There are several issues, that if dealt with properly, can be eliminated. I once used half the floor of my living room as a sulcata enclosure, so it _can_ work. You will need to close off an area with boards, plywood, or blocks of some sort, so that no one walks there and the tortoise cannot get out of their area. You will need to add some substrate for traction, humidity, waste absorption and temperature regulation. THen you have to deal with the heat issue. Its cold on the floor. I found that warm room temps helped keep the floor warmer, but you will have to check _your_ floor with a tmep gun to see what works in your house.

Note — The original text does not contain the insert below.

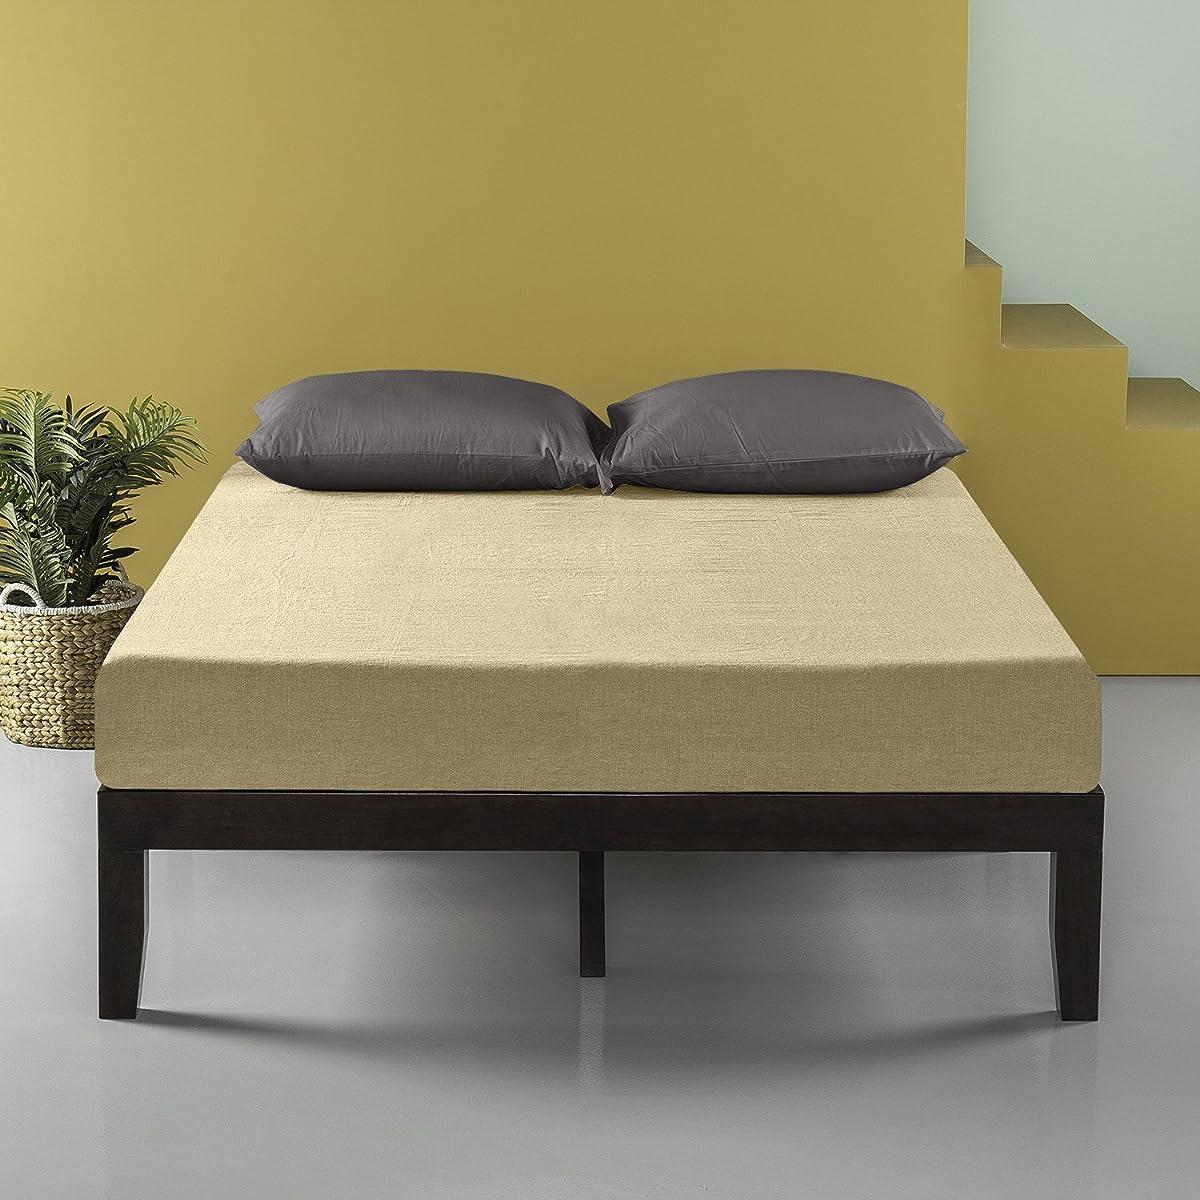 Zinus 14 Inch Wood Platform Bed / No Box Spring Needed / Wood Slat Support / Dark Brown, Full

If you can make _this _sort of enclosure, I don't see why you can't just make the regular enclosure bigger. Why does your tortoise have to wait months for proper housing? Here is an easy way to do it. Just build something like this on a sheet of plywood:
http://www.tortoiseforum.org/threads/simple-sunning-enclosure.104351/
Add some legs and you have a cheap, easy ready to go enclosure that is plenty big for your russian. If you have floor space to dedicate to your tortoise, then just plop one of these right in that spot.


----------



## mini_max (Dec 11, 2014)

Thanks Tom! We are selling furniture and changing up our space which will allow us to move some of the kids things and ultimately put a new enclosure in a spot that works for the whole family - which is why a new enclosure hasn't happened yet. 
We have a decently warm temp in the area in question - even on the floor as a result of the furnace duct running right under the floor there. Wouldn't be the case in summer but since it's winter and the heat is on it works. 
Unfortunately I have to say that I have let him walk here and he does it well with no traction trouble. If I were to let him out here for a "walk" say even for 20 to 30 minutes daily, would substrate still be an issue? Given the temporary nature of the whole thing.


----------